如何在PHP中使用正则表达式删除特定字符之间的字符串？

Question

I have string like below,

$string = "test coontevt [gallery include=\"12,24\"] first [gallery include=\"12,24\"] second";

i need to remove the string starts with [gallery to first ocuurance of it's ] .

i already use this one,

$string12 = preg_replace('/[gallery.+?)+(/])/i', '', $string);

but i get empty string only.

Finally i want result for the above string is,

$string ="test coontevt first second".

How can i do this using regular expression?.

plz help me?

Answer 1

The character [ is a regex meta-character. TO match a literal [ you need to escape it.

$string12 = preg_replace('/\[gallery.+?\]/i', '', $string);

or

$string12 = preg_replace('/\[gallery[^\]]+\]/i', '', $string);

Answer 2

You need to escape the square brackets

$string12 = preg_replace('/\[gallery.+?\]/i', '', $string);

The round brackets are unnecessary so I removed them, also the quantifier between those brackets and the forward slash before the last square bracket.

To avoid multiple space in the result, I would match also the surrounding spaces and replace with 1 space.

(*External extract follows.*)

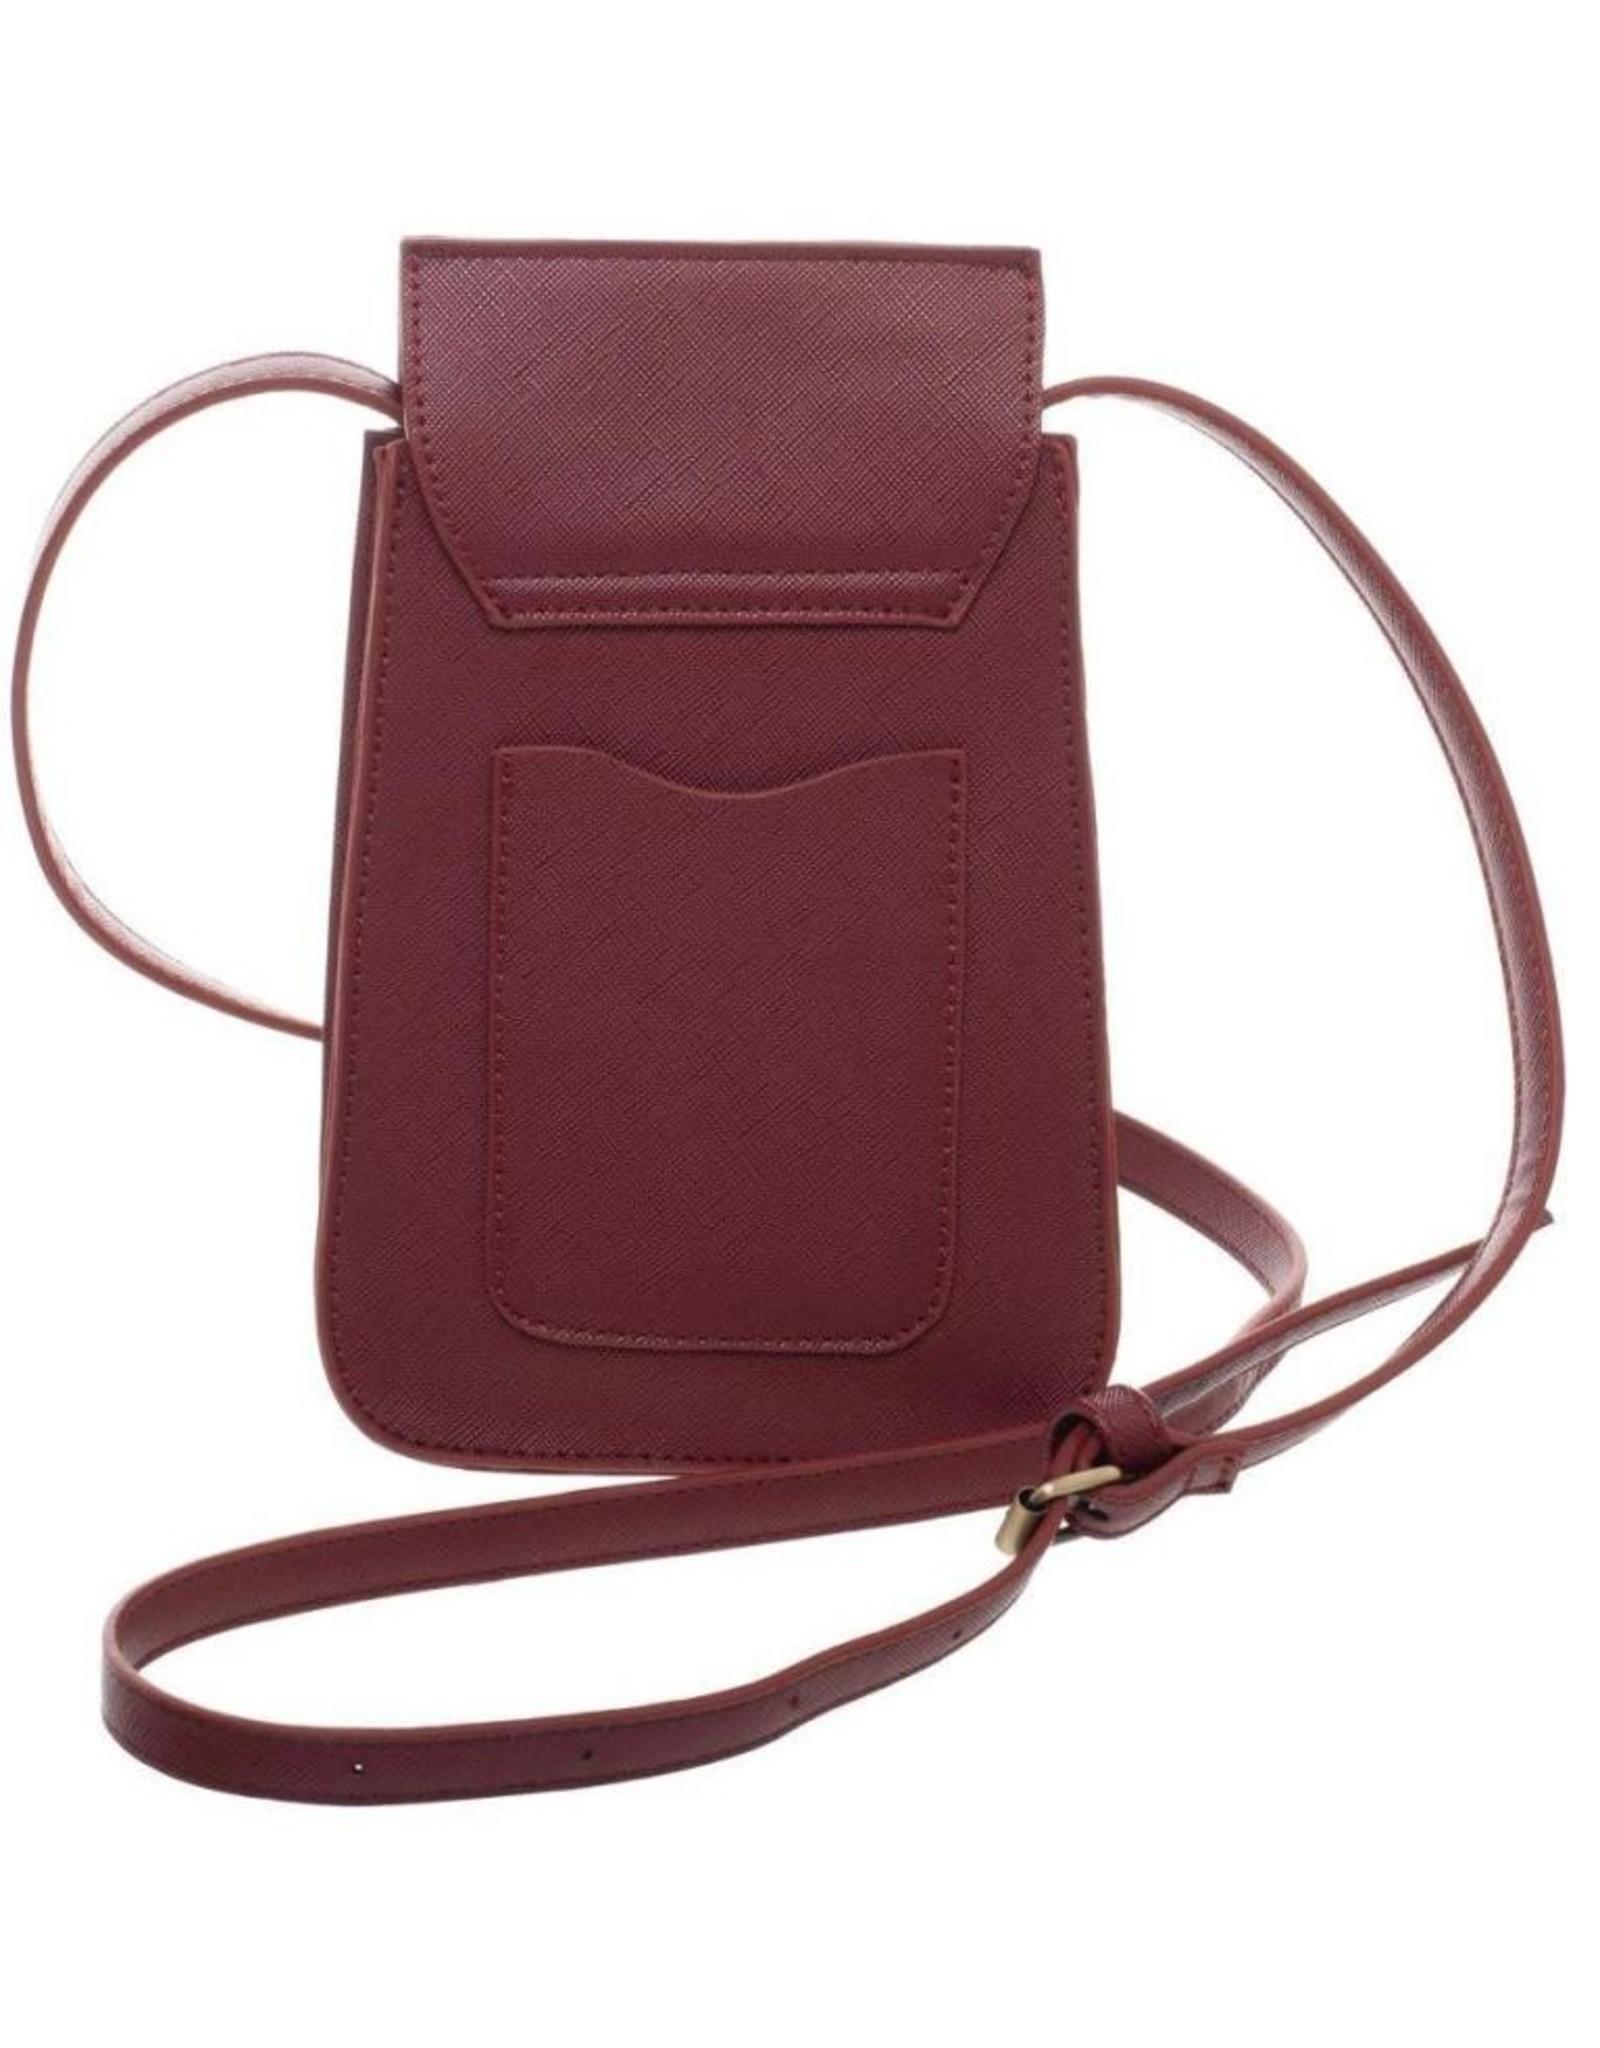 Trukado Harry Potter tassen en portemonnees - Harry Potter Golden Snitch crossbody tas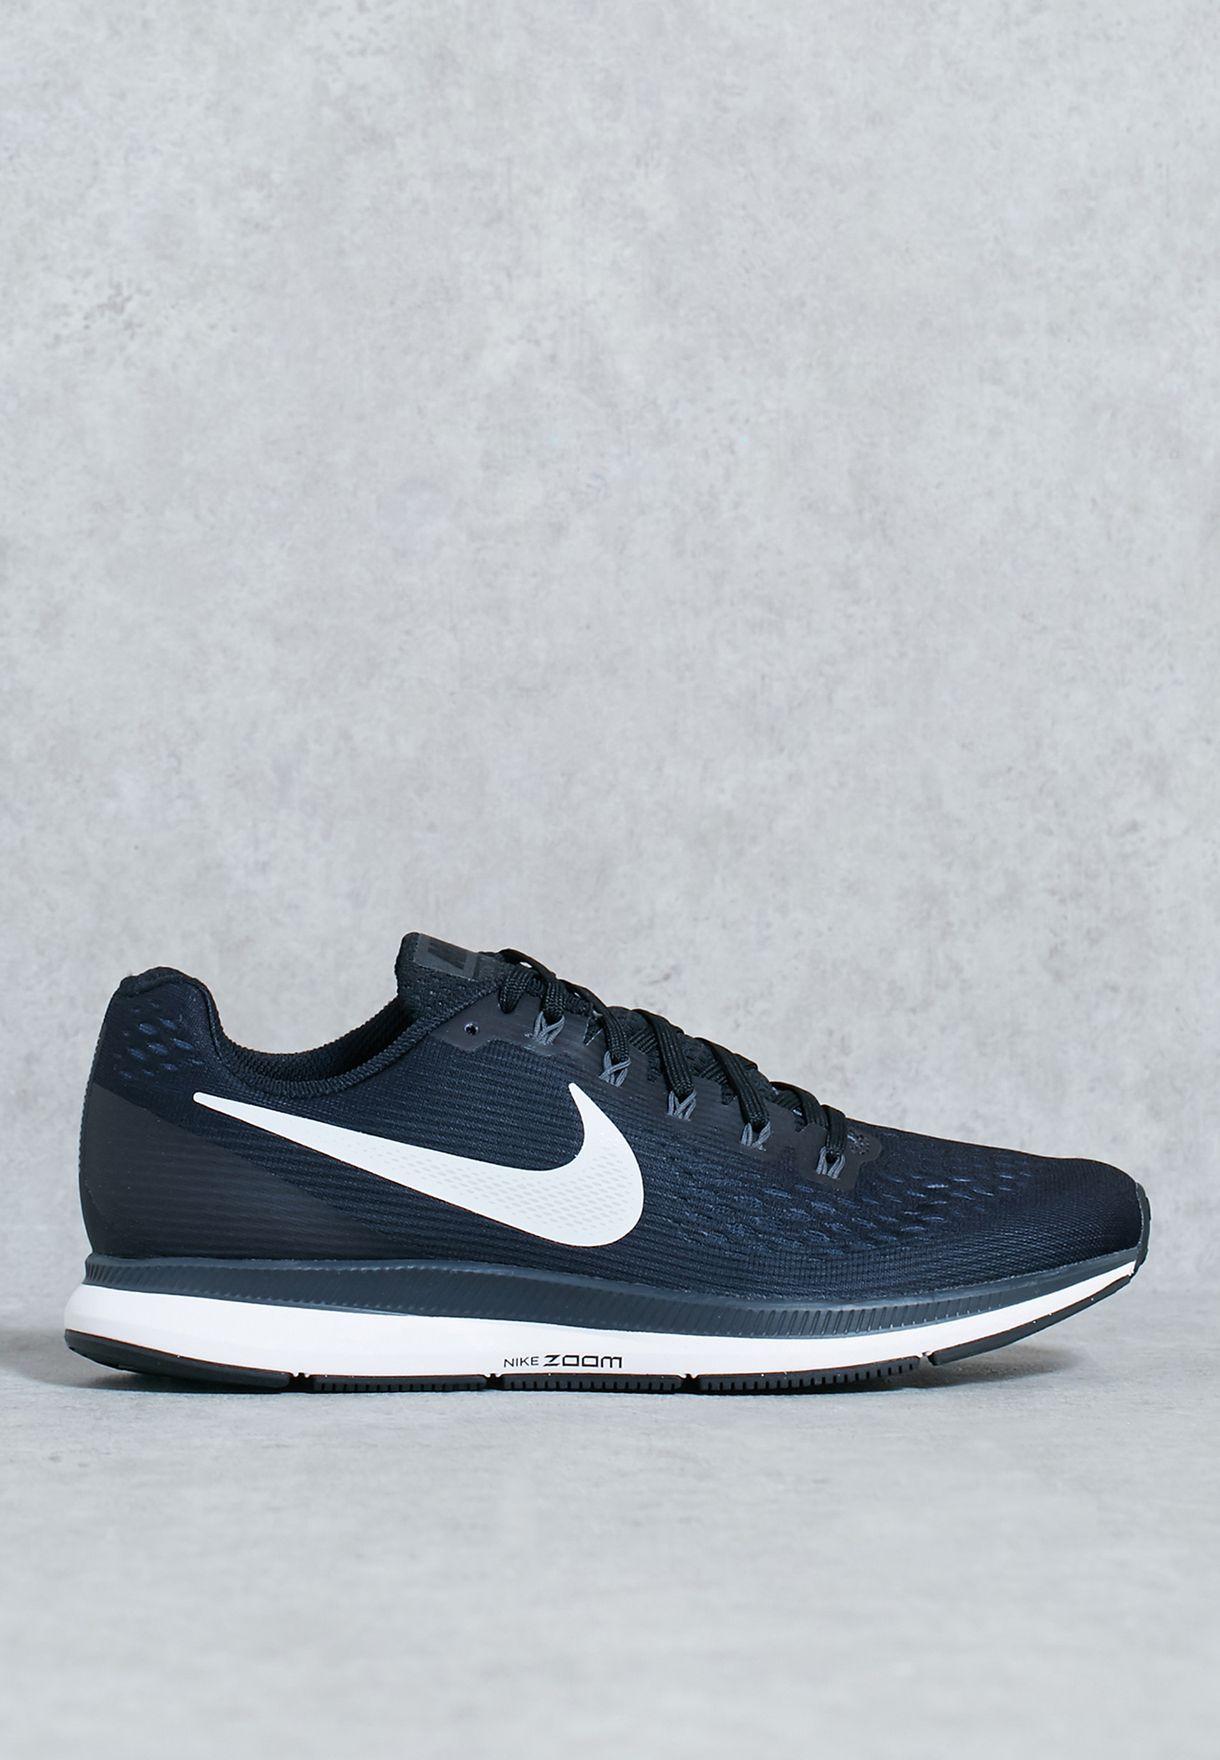 43a74470a782 Shop Nike black Air Zoom Pegasus 34 880555-001 for Men in Kuwait ...

\\s+\\[gallery.+?\\]\\s+ and replace with one space

$string12 = preg_replace('/\s+\[gallery.+?\]\s+/i', ' ', $string);

See this expression here online on Regexr

Answer 3

Try it like this:

$string12 = preg_replace('/\[gallery[^\]]+\]/i', '', $string);

[^\\]]+ means that there can be one or more character that is not ] . And there is no need for any ( and ) if you don't want to use the backreferences.